The accuracy is 0.5.

The sensitivity is 0.5714.

The specificity is 0.3333.

3 Performance

Let’s compare the performances from Bagging and LOOCV with the performances we got from HW1.

3.1 Metrics of Training Data

Training
Algo ACCURACY TPR FPR TNR FNR
LR 0.8077 0.9375 0.4 0.6 0.0625
NB 0.7692 0.9375 0.5 0.5 0.0625
kNN3 1 1 0 1 0
kNN5 0.8846 1 0.3 0.7 0
Bagging 1 1 0 1 0
LOOCV 0.6538 0.6842 0.4286 0.5714 0.3158

3.2 Metrics of Testing Data

Testing
Algo ACCURACY TPR FPR TNR FNR
LR 0.4 0.5 0.75 0.25 0.5
NB 0.5 0.6667 0.75 0.25 0.3333
kNN3 0.6 0.8333 0.75 0.25 0.1667
kNN5 0.7 0.8333 0.5 0.5 0.1667
Bagging 1 1 0 1 0
LOOCV 0.5 0.5714 0.6667 0.3333 0.4286

4 Conclusion

4.1 Best Ability to Learn

The performance data shows that Bagging model and kNN model with k=3 are the best models. Both of them has the best performance in training data, i.e. it has the best ability to learn among all models.

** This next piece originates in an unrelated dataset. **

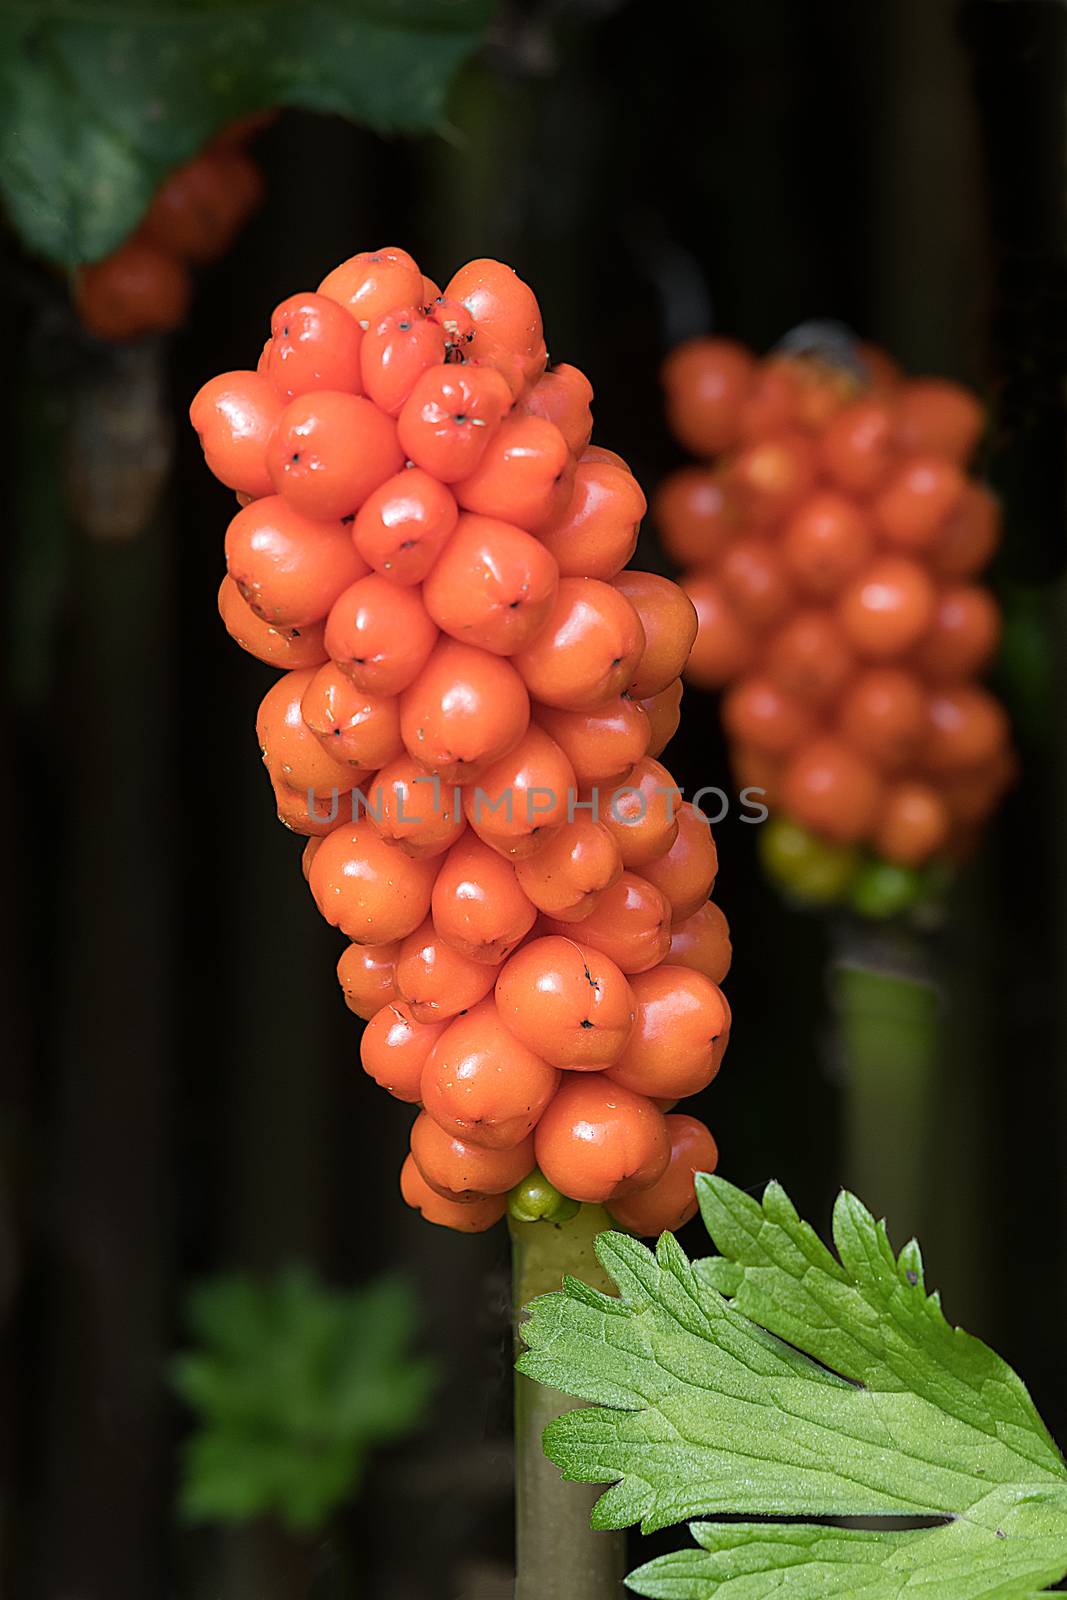 Arum maculatum is a common woodland plant. It is also known as snakeshead, adder's root, arum, wild arum, arum lily, lords-and-ladies, devils and angels, cows and bulls

4.2 Best Ability to Generalize

The performance data shows that Bagging model is the best model. It has the best performance in testing data, i.e. it has the best ability to generalize among all models. The second and third performances are the kNN models.

4.3 Overall Performance

Bagging has the best performances among both training and testing data, while LOOCV has the worst performance in training data and bad performance in testing data.

The huge difference between the two might be resulted from their base functions. The Bagging function we used from package ipred applies classification and regression trees while the LOOCV function used naive Bayes as base function.